[Oisf-users] Suricata load/latency spikes

Oliver Humpage oliver at watershed.co.uk
Mon Jun 29 10:34:27 UTC 2015


Hello,

I have a fairly simple IPS setup, using FreeBSD 10.1 and IPFW divert (runmode workers, since autofp barely allows a trickle through for some reason). It's virtualised under ESXi, but that shouldn't make much odds - I'm using X520s as the hardware, and vmxnet3 drivers in the guest, which I think handles all the offloading fine. I've upped the defaults for how much memory various parts of suricata get in the yaml file.
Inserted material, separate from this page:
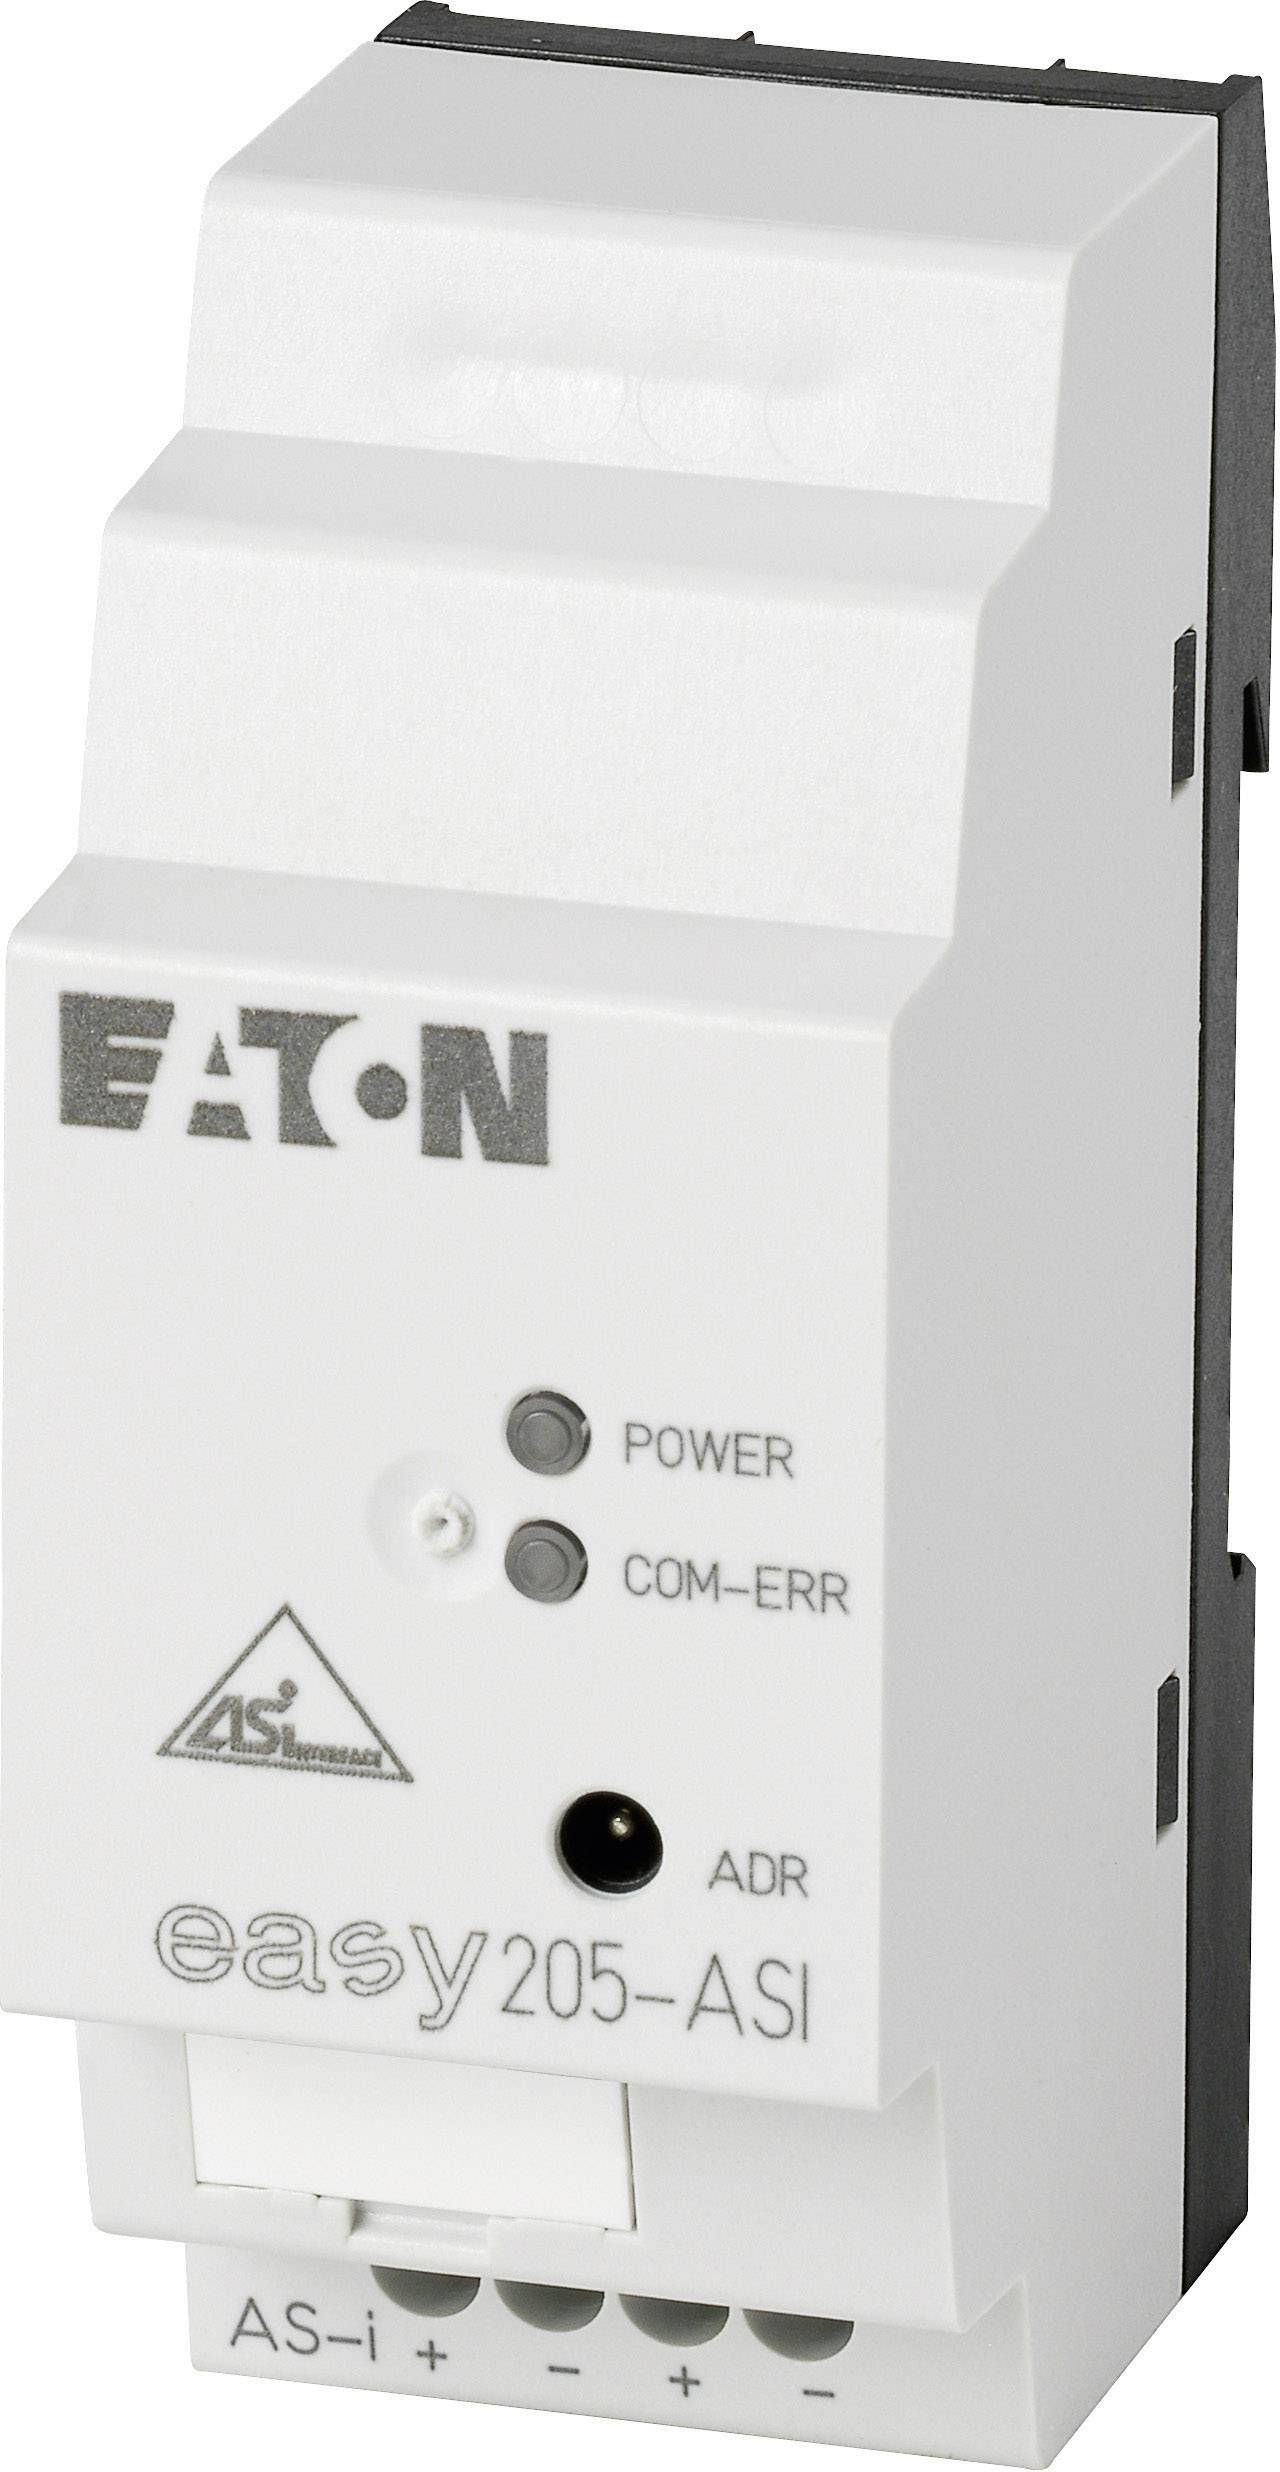 Modulové relé Eaton easy 205-ASI

I've also pared down the rules to the basics needed to protect client machines, such that running netperf I can get around 250Mb throughput no problem. Normally, everything runs swimmingly.

But... a few times a day, the client network slows to an unbearable crawl. This is accompanied by a spike in the load average of the box (from around 0.2 normally, to 0.8 or above), caused by the suricata process. This lasts between 1-5 mins, then goes back to normal.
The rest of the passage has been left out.